7) I come from a different culture than your own. I was
exposed to people from virtually every state in the USA and
province in Canada along with dozens of other nations at an
early age. I can tell from talking with many of you that
you’ve never traveled very much beyond the Midwest and
rarely get exposed to people from different cultures or at
least those that differ from the kind you are accustomed to
seeing in Kansas City. The vast majority of the people in
this area hail from Kansas, Missouri, Iowa, Oklahoma and
Nebraska.
8) I took the Myers and Briggs Learning Inventory and
discovered my personality is ISTJ. If you go by what this
test says perhaps only about five percent of the population
will be compatible for personal relationships. Cut that
figure in half to represent the percentage of women in the
population that would be compatible and I am looking at
only about 2.5 women for each one hundred that I meet.

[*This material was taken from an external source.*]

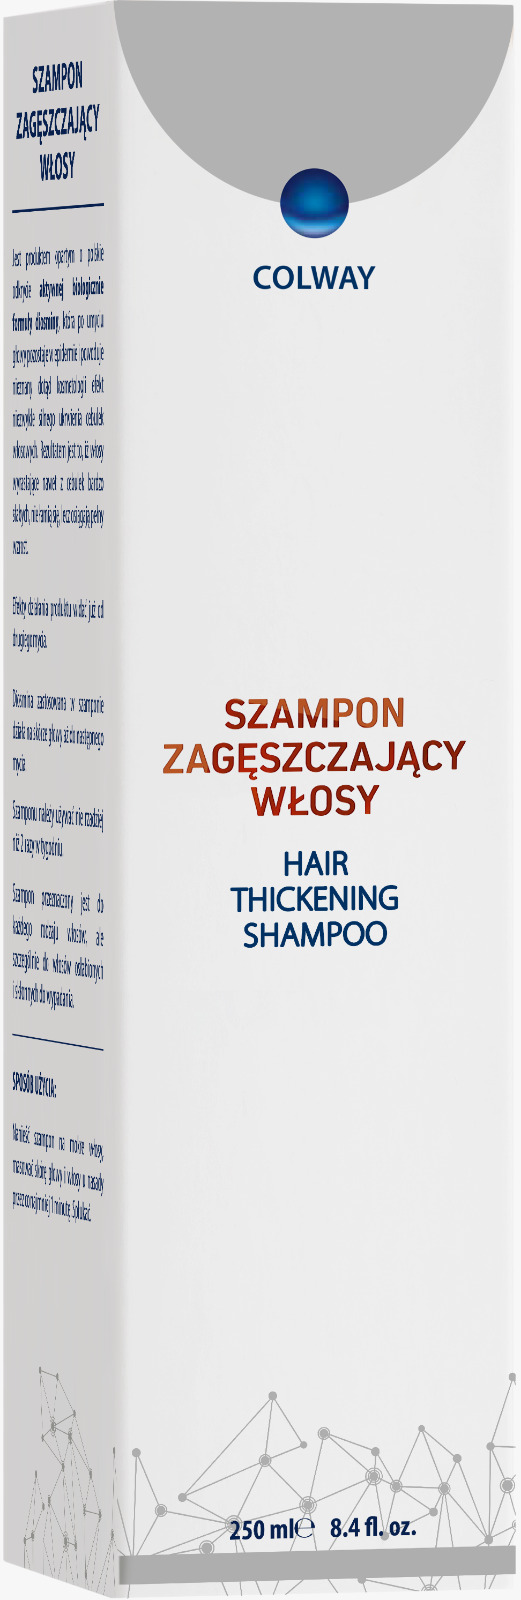 szampon colway apteka

Not
good odds especially in an area like Kansas City which is
filled with very extroverted people, most of which are not
compatible with my personality.
9) A significant number of people both men and women, have
treated me like garbage over the years. I am not a
masochist. I do not enjoy being treated like a zit by
people that I never so much as laid a finger upon or even
insulted. Thus, I am not about to get involved with people
like you even if you do like me now.
10) I don’t have issues like these in other areas of the
country. In other areas of the country, people that I know
through work treat me far better. And surprisingly I have
had a number of fairly attractive younger ladies that take
a sincere interest in me especially those I’ve met outside
of work. I’d rather date a 25 year old from Indiana or Ohio
that works at a convenience store than most of the women in
the Kansas City area, regardless of their age, beauty or
self perceived social status.
To summarize. At this point in time, now that I’ve stayed
in KC for about two years longer than expected, I may
entertain the notion of dating someone. But... It will have
to be someone that I perceive as compatible, under the age
of 33, and looking for a permanent relationship and open to
relocation to the community where I decide to launch my
radio station. Take the Myers and Briggs Learning Inventory
and find out what personality type you are and whether or
not you are compatible with an ISTJ. :-) I’m not interested
in dating any woman that thinks I am some kind of
subservient male that your Dominatrix type of personality
can walk all over. If you need a guy that you can dominate
then find someone else. My Mother did not raise me to be
that kind of boy. I’m a Ward Cleaver kind of guy when it
comes to dating and relationships with the opposite sex.
But knowing that I know about this area, I am probably
better off waiting to find someone when I get to my new
home.
I sincerely hope this will educate those people in the KC
area that aren’t too comfortable with the fact that I am
single, alone and not really looking for any female
companionship at this time. You may never understand where
I am coming from but in my eyes, you don’t need to anyway.